Prompt
Before copying, find the line below that contains "Banner_Curso_Tecnico_Bolsas"; then return it and all later lines exactly, up to and including the final line, with no pictures.

Records provided
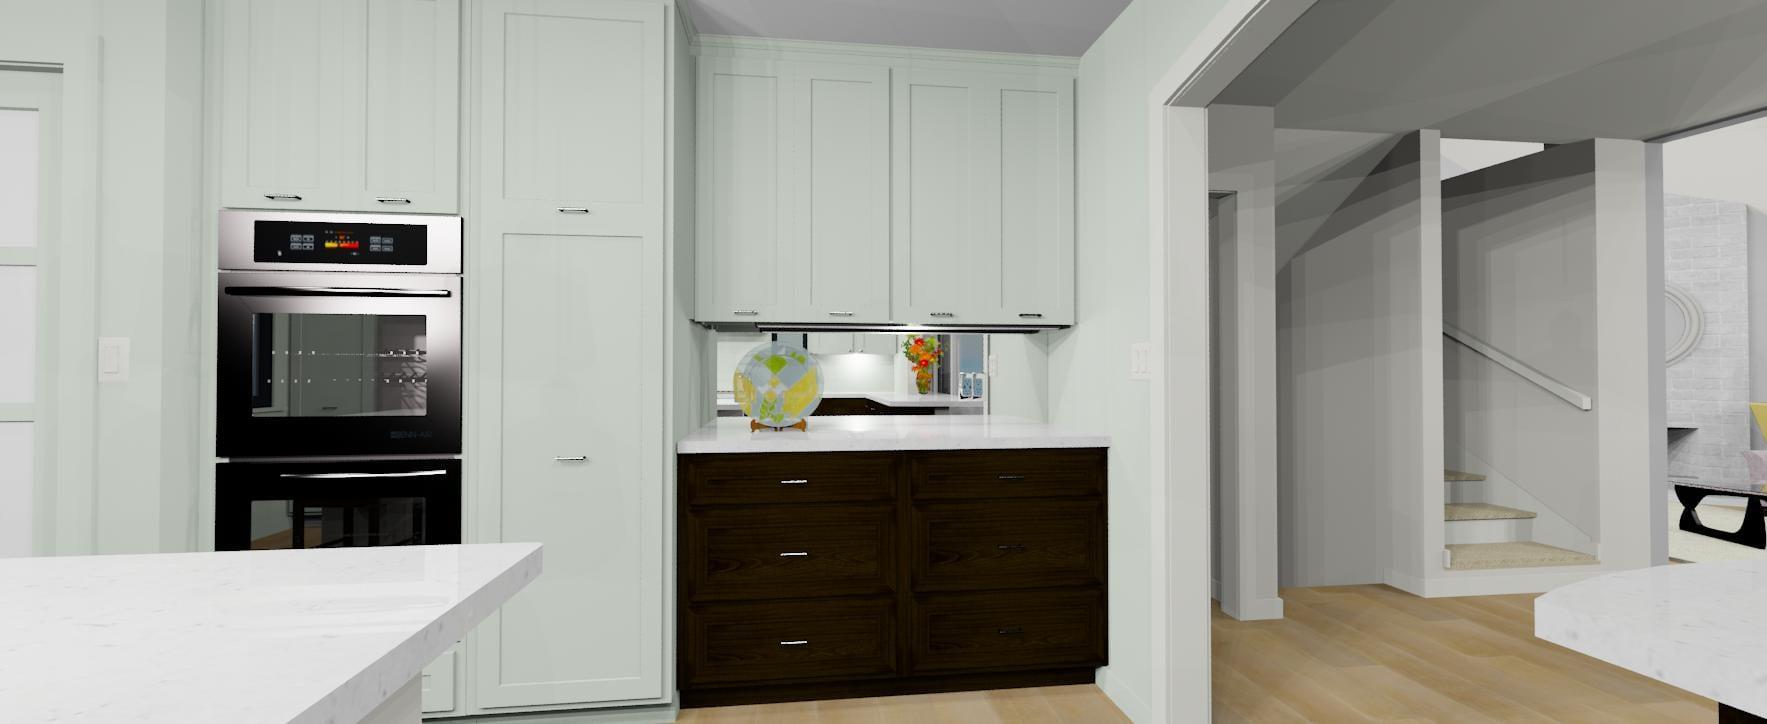 3d kitchen layout
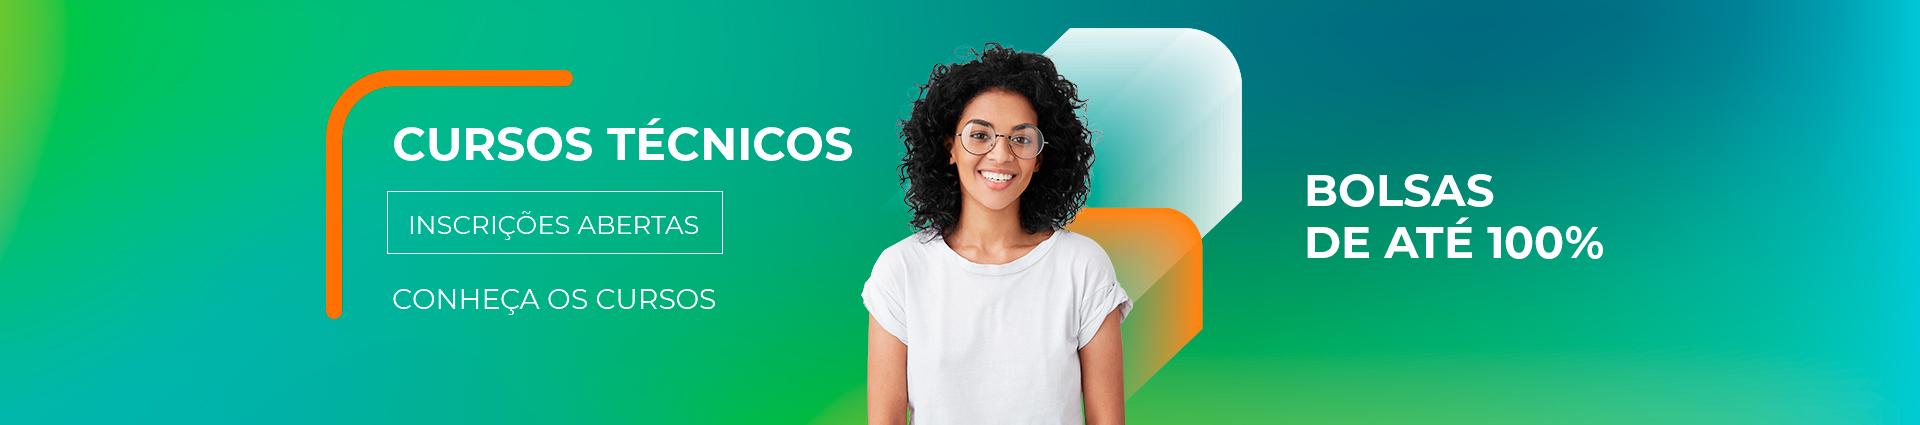 Banner_Curso_Tecnico_Bolsas
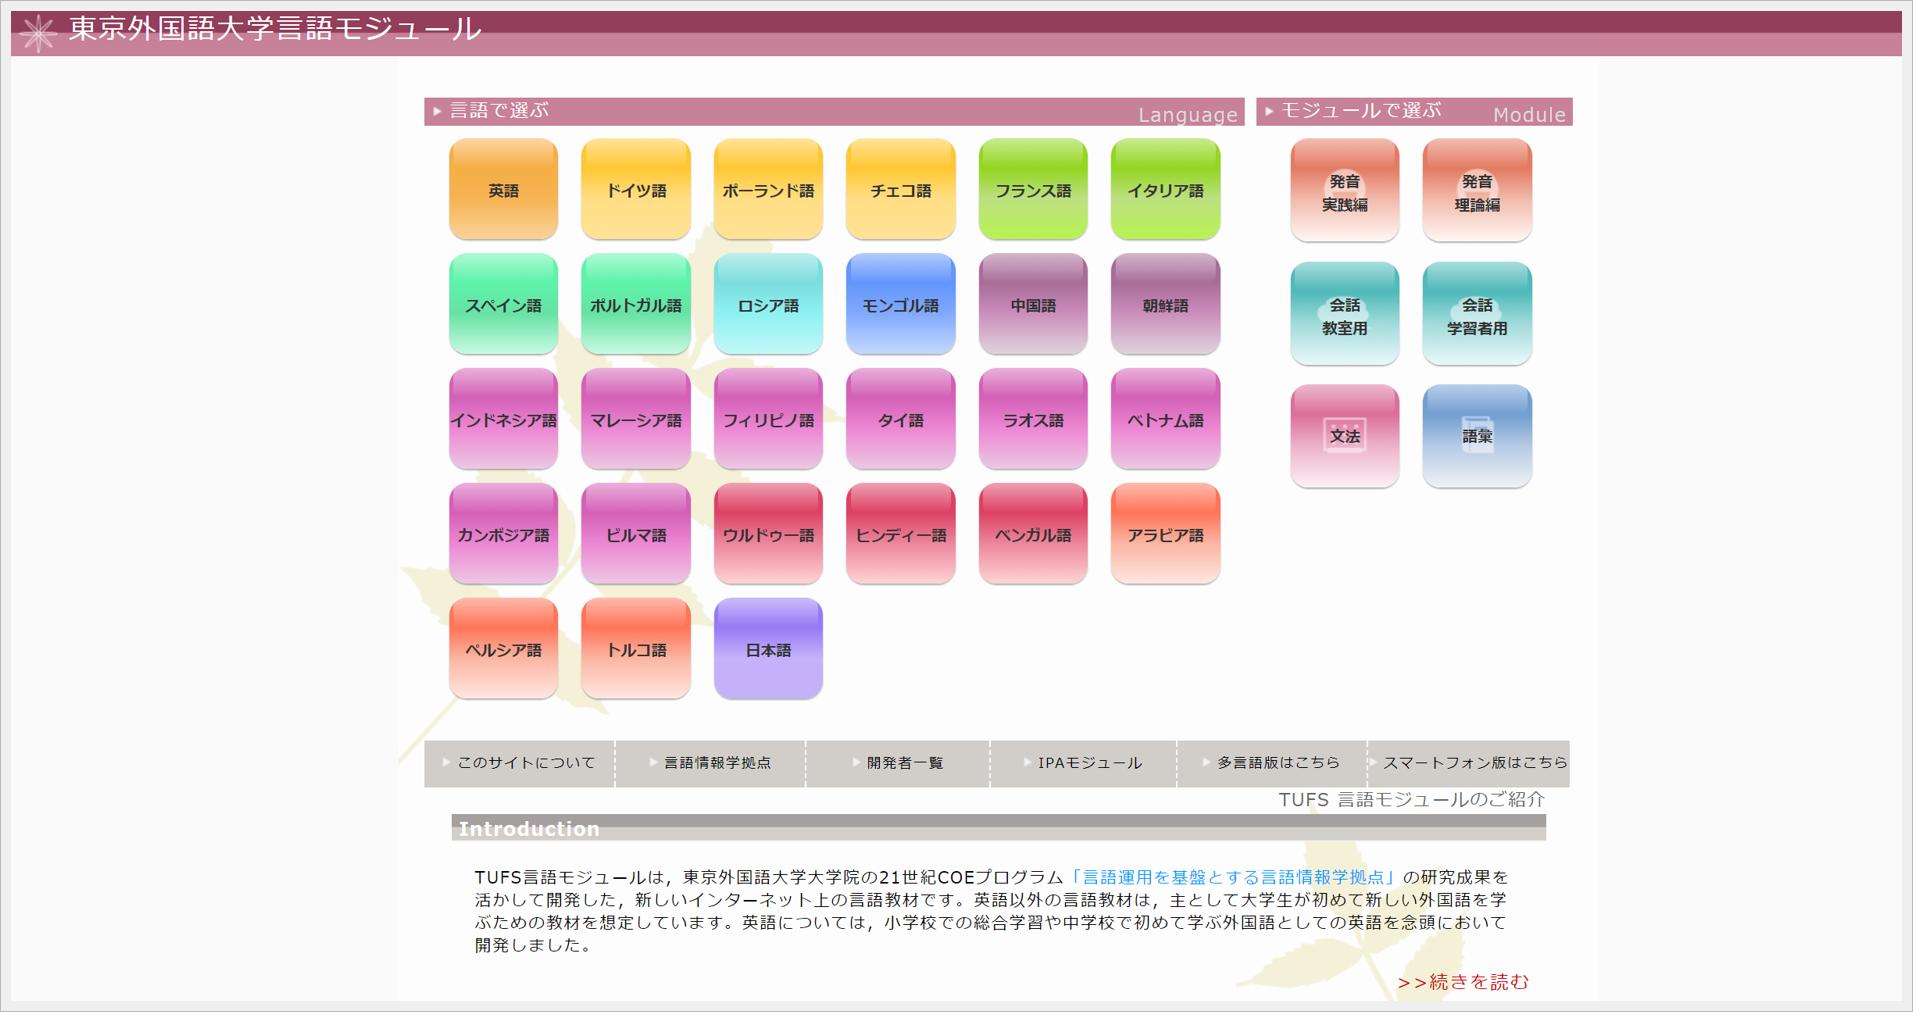 中国語の学習者ならぜひ活用を!「東京外大の言語モジュール」
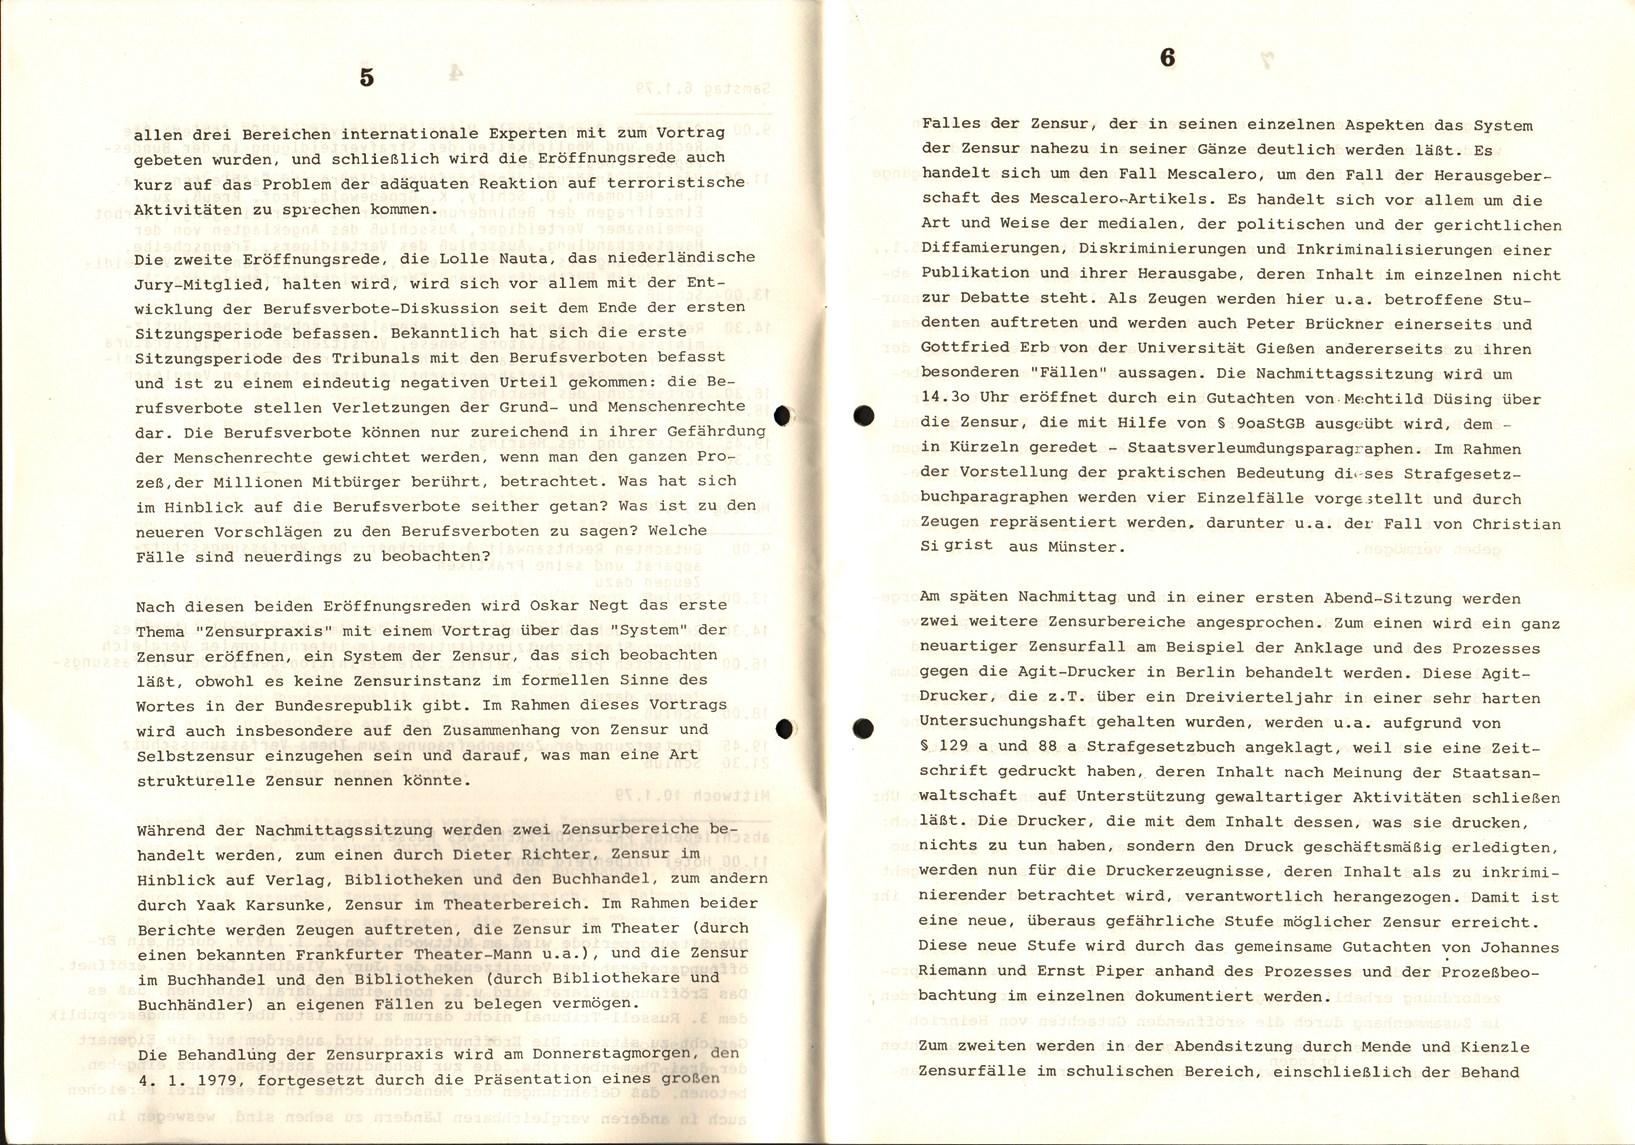 RT_Zur_zweiten_Sitzungsperiode_1979_05
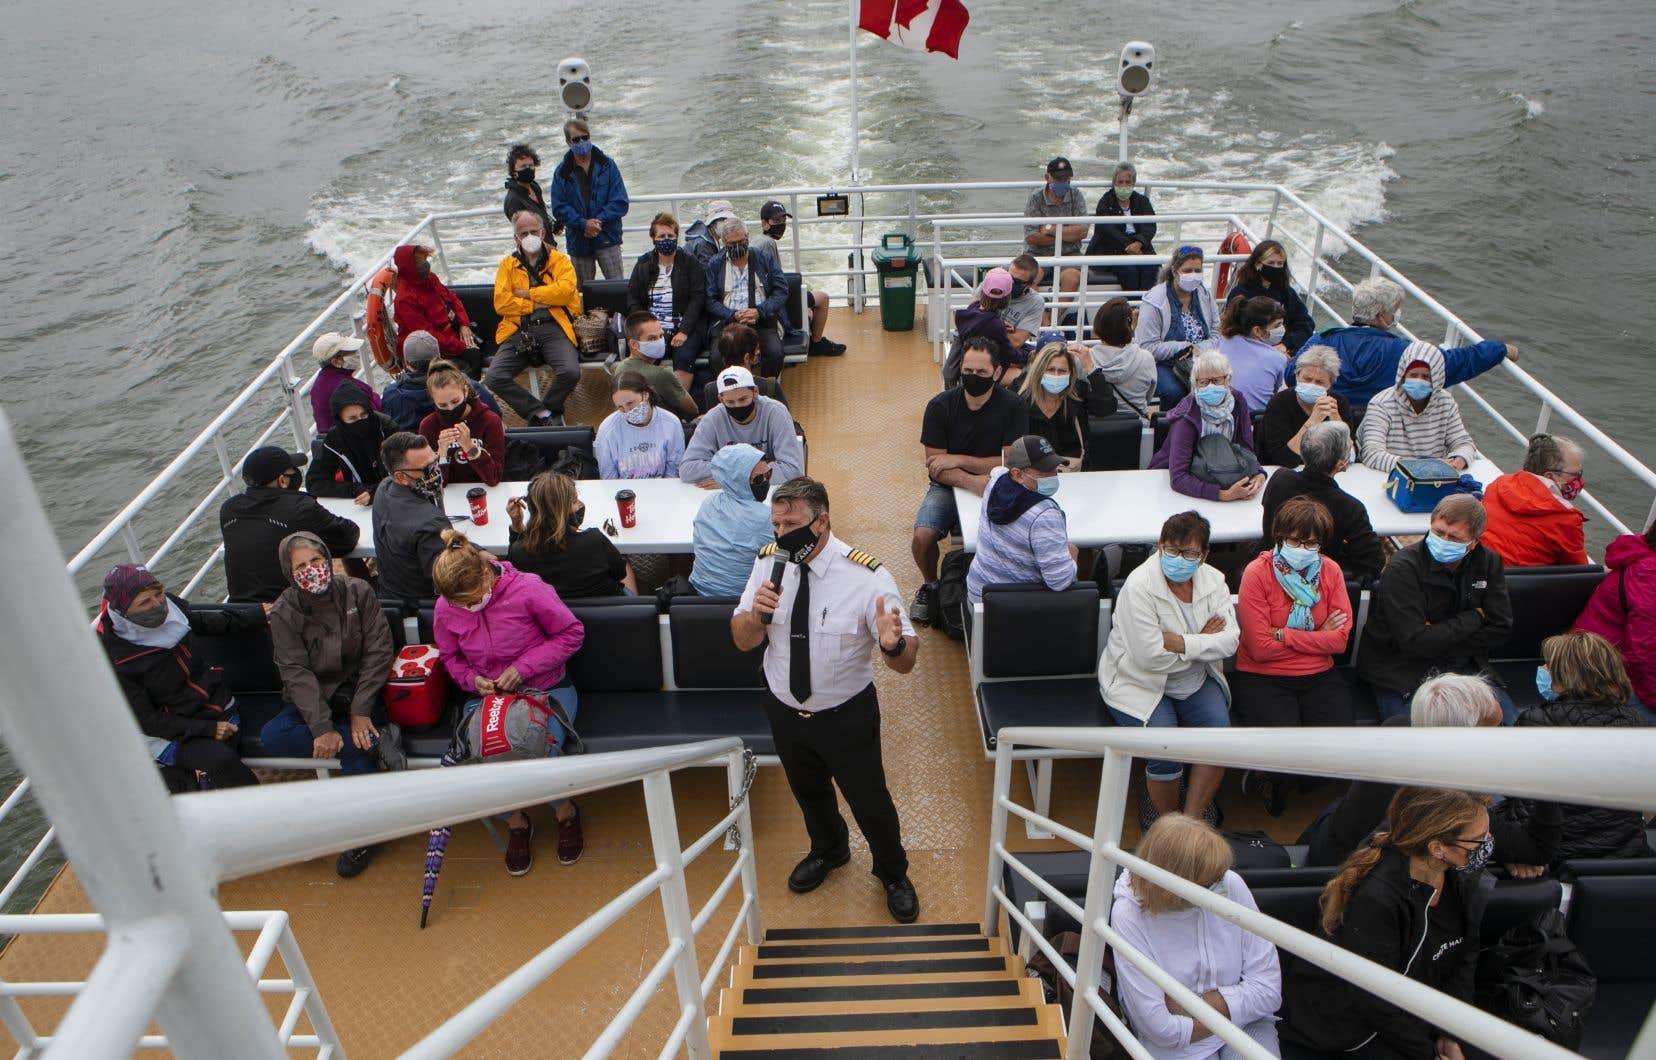 L'industrie des croisières apporte 4milliards de dollars par an à l'économie canadienne et représente environ 30000 emplois directs et indirects, selon le ministère.

Response area
 Banner_Curso_Tecnico_Bolsas
 中国語の学習者ならぜひ活用を!「東京外大の言語モジュール」
 RT_Zur_zweiten_Sitzungsperiode_1979_05
 L'industrie des croisières apporte 4milliards de dollars par an à l'économie canadienne et représente environ 30000 emplois directs et indirects, selon le ministère.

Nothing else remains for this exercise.